In una stradina del quartiere milanese noto come Chinatown, un po’ nascosto e defilato dietro ad un alto muro di mattoni rossi, un passante attento poteva scorgere un bel giardino ombroso. Una vite e degli ulivi. Si trattava di un ristorante. Il Pupurry.

Di questo luogo e della sua atmosfera d’antan mi sono innamorato subito. Ho iniziato a frequentarlo ogni volta che avevo voglia di mangiare bene e sentirmi a casa. Nel 2017 ne sono diventato socio. Da allora ho trascorso lì la maggior parte del mio tempo.

Pupurry Ristorante - Milano

Al Pupurry ho imparato a occuparmi un po’ di tutto, fornitori, dipendenti, clienti, l’allestimento della sala e della carta. E quando serve a portare i piatti a tavola. Purtroppo, non ho mai cucinato. Ho scoperto presto che un conto è essere dei discreti cuochi a casa per un gruppetto di amici, altra è predisporre la linea per decine e decine di clienti ogni giorno.

Negli anni siamo riusciti a recuperare alcune vecchie ricette, cercando di fare anche un po’ di innovazione, che è sempre stata la cifra di questa piccola locanda d’avanguardia: quando il ristorante si trovava in una vecchia cascina nella vicina via Canonica già si azzardavano abbinamenti inconsueti: il caffè al pepe nero, il cotechino con lo zabaione.

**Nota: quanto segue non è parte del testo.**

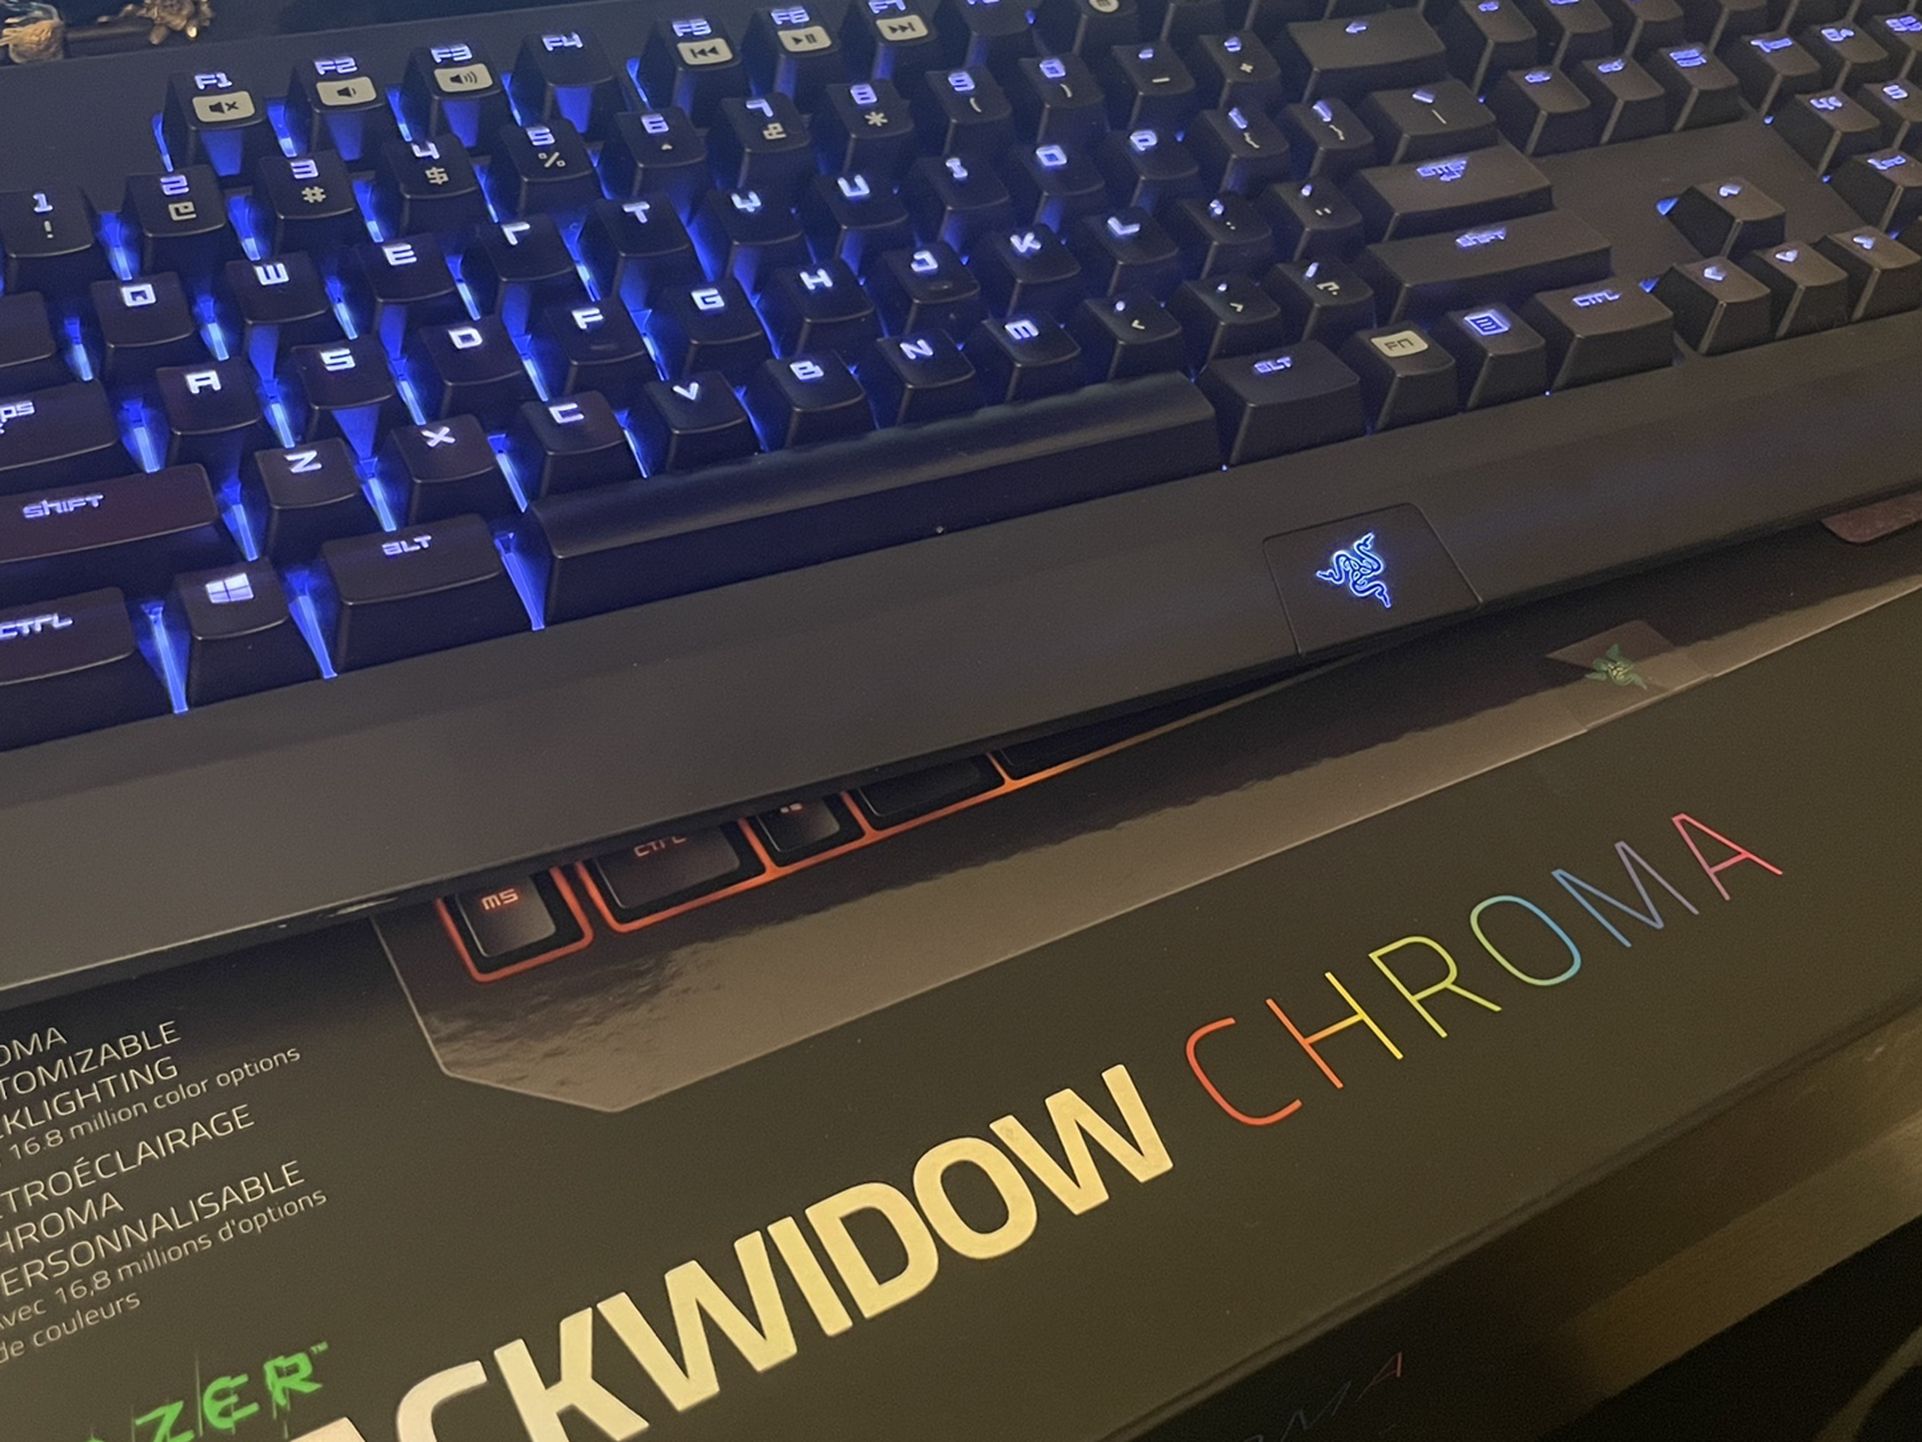 Blackwidow Chroma Mechanical Keyboard

E nella piccola vigna sul retro si produceva anche del vino.

Questa straordinaria avventura è terminata nel 2020: il Puppury non c’è più e al suo posto costruiranno un altro condominio, piuttosto anonimo ma che faranno pagare a peso d’oro. Non ho rimpianti, ho imparato a non averne. Tuttavia, quando passo da via Bertini un po’ di nostalgia mi prende.